Let $k(t, s) = \mathrm e^{t + s^2}$. Show that the integral operator $T : L^2(0,1) \to L^2(0,1)$,
which is defined as
\begin{equation*}
Tf = \int_0^1 k(\cdot, s) f(s) \, \mathrm d s,
\end{equation*}
is bounded.
A Partial answer
We need to show that for all $x \in L^2(0,1)$, $\Vert Tx \Vert_2 \leq M \Vert x \Vert_2$ for some finite $M \geq 0$. Let $f \in L^2(0,1)$.
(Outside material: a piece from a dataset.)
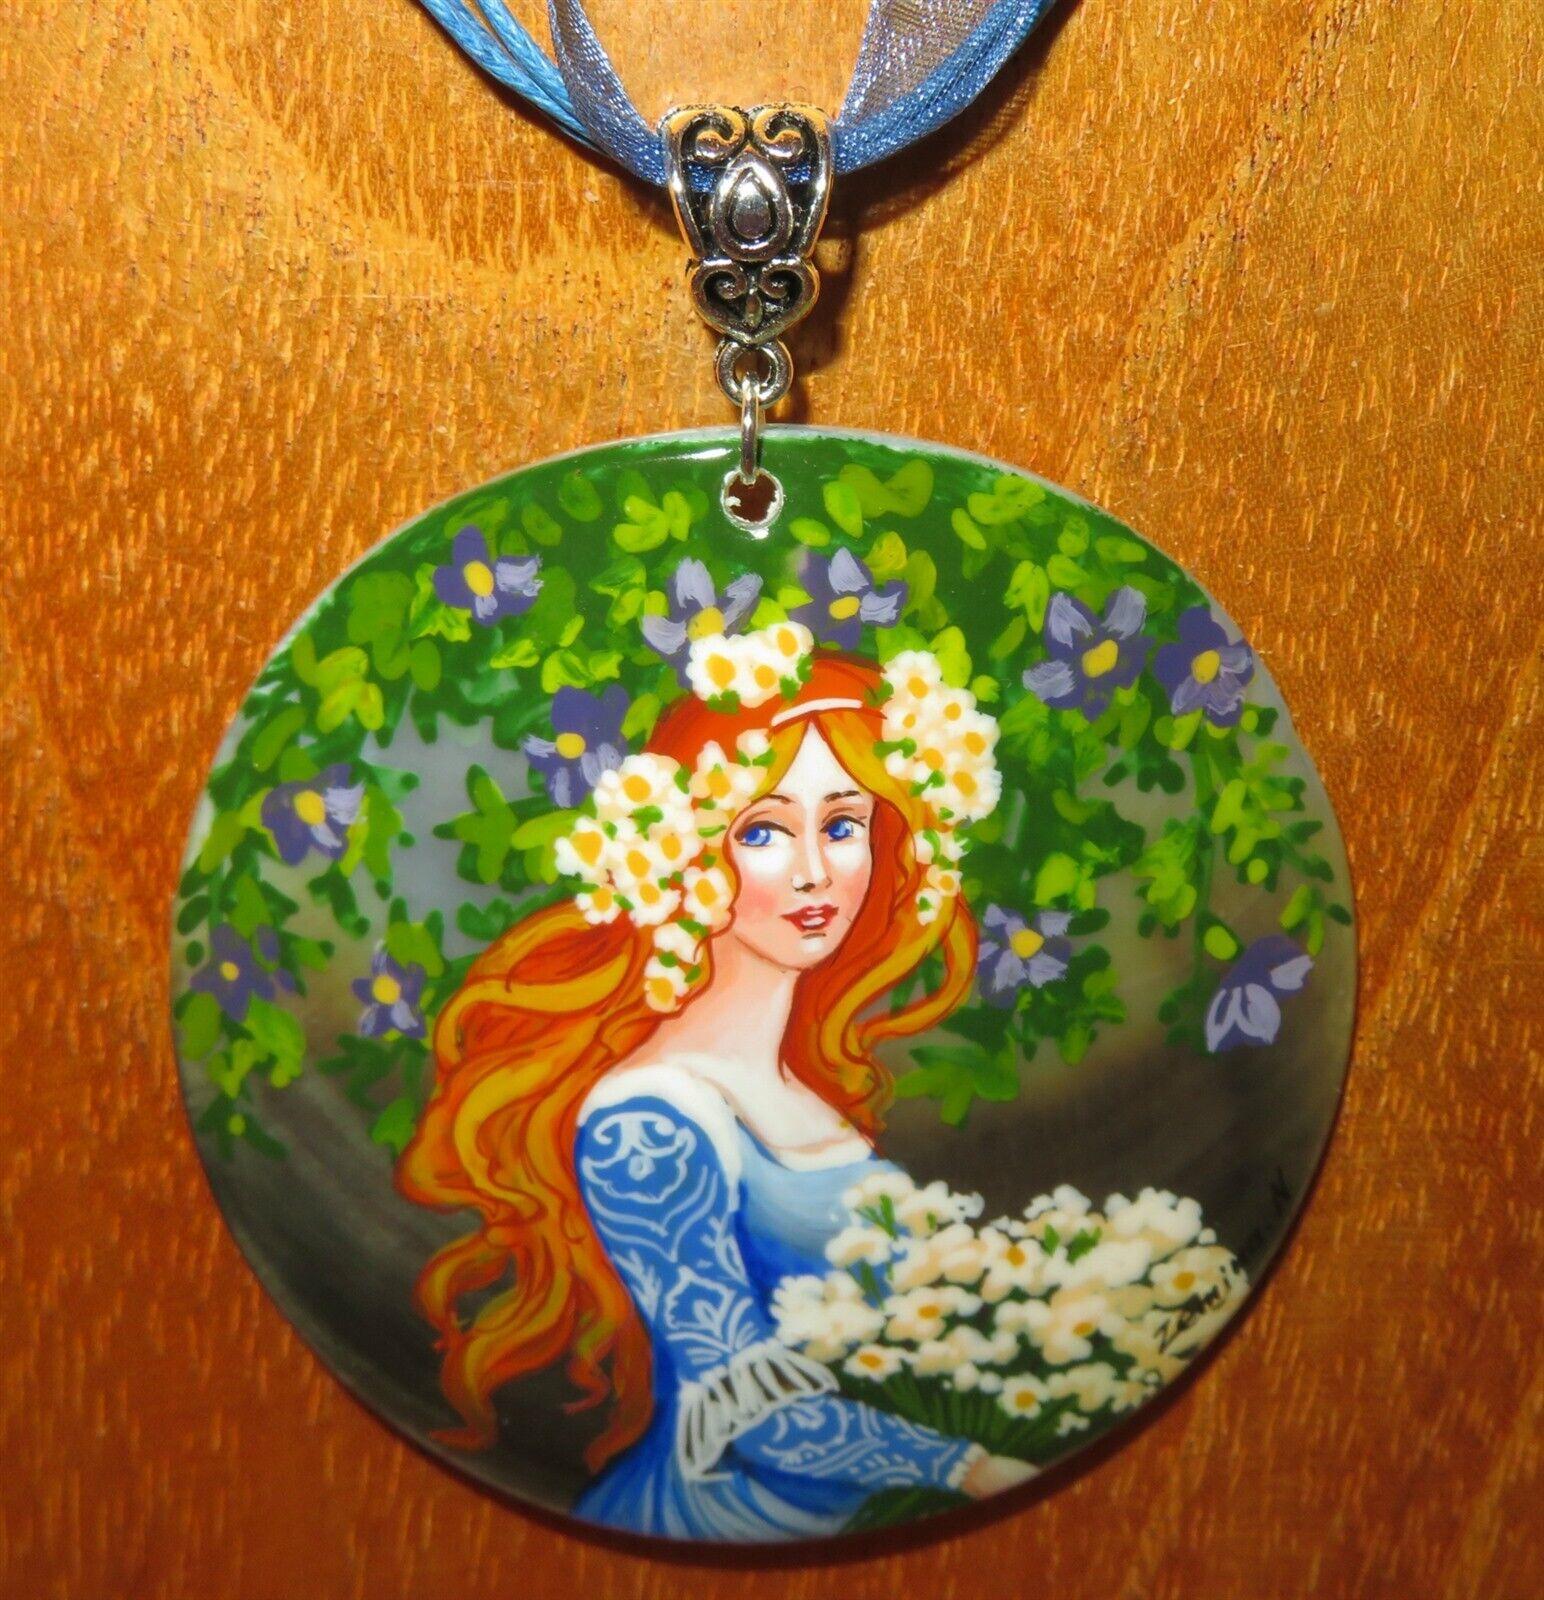 Pendant Elisabeth Sonrel Girl in bluee Hand Made Shell Art Nouveau Illustration
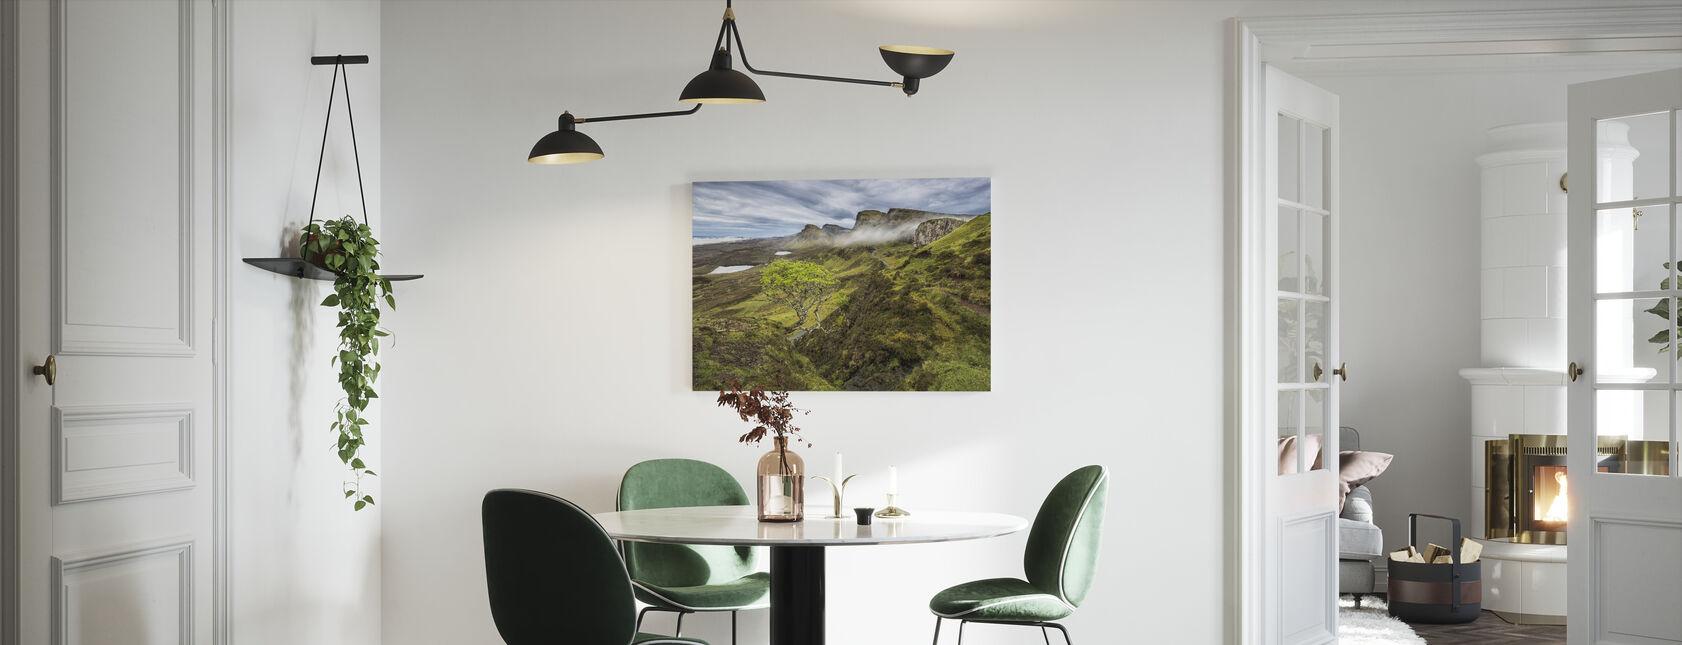 Quirang, Isle of Skye - Skottland - Canvastavla - Kök

Then by the ''triangle inequality'' of integration
\begin{align}
\left\Vert Tf(t) \right\Vert_2
%
&= \left\Vert \int_0^1 \mathrm e^{t + s^2} f(s) \, \mathrm d s \right\Vert_2 \\
%
&= \left(\int_0^1 \left|\int_0^1 \mathrm e^{t + s^2} f(s) \, \mathrm d s \right|^2 \,\mathrm dt \right)^{1/2} \\
%
&\leq\left(\int_0^1 \left(\int_0^1 \left|\mathrm e^{t + s^2} f(s)\right| \, \mathrm d s \right)^2 \,\mathrm dt \right)^{1/2} \\
%
&=\left(\int_0^1 \left( \int_0^1 \Big|\mathrm e^{t + s^2}\Big|\Big| f(s)\Big| \, \mathrm d s \right)^2 \,\mathrm dt \right)^{1/2} \,.
\end{align}
Letting $M_1 = \big|\mathrm e^{t + 1}\big| = \mathrm e^{t + 1}$ and $M_2 = \mathrm e^{2}$ (as we are operating on $I = (0,1)$), we can conclude that
\begin{align}
\left\Vert Tf(t) \right\Vert_2
&\leq \left(\int_0^1 \left( \int_0^1 M_1\Big| f(s)\Big| \, \mathrm d s \right)^2 \,\mathrm dt \right)^{1/2} \\
%
&= \left(\int_0^1 \left( M_1\int_0^1 \Big| f(s)\Big| \, \mathrm d s \right)^2 \,\mathrm dt \right)^{1/2} \\
%
&\leq \left(\int_0^1 \left( M_2\int_0^1 \Big| f(s)\Big| \, \mathrm d s \right)^2 \,\mathrm dt \right)^{1/2} \\
%
&= \left( \int_0^1 M_2^2 \left( \int_0^1 \Big| f(s)\Big| \, \mathrm d s \right)^2 \,\mathrm dt \right)^{1/2} \\
%
&= \big\Vert M_2 \Vert f\Vert_1^2\big\Vert_2 = M_2\big\Vert \Vert f\Vert_1^2\big\Vert_2\,.
\end{align}
This is great and all, but there is still that other pesky integral corresponding to $T$ inside the norm, which I want to get rid of. How could I achieve that? Should I use one of the big inequalitities (Hölder, Cauchy–Schwartz) to my benefit?
Best Answer
You seem to be missing an exponent in your $2$-norms. That being said, the easiest way to do this is probably just to use the Cauchy-Schwarz inequality pointwise to get that
$$ |Tf(t)|\leq \|f\|_2 \sqrt{ \int_0^1 e^{2(t+s^2)}\textrm{d}s} $$
Hence, $$ \| Tf(t)\|_2=\sqrt{\int_0^1 |Tf(t)|^2 \textrm{d}t}\leq \|f\|_2 \sqrt{\int_0^1 \int_0^1 e^{2(t+s^2)}}\textrm{d}s\textrm{d}t\leq \|f\|_2 e^2, $$ which proves that $T$ is bounded.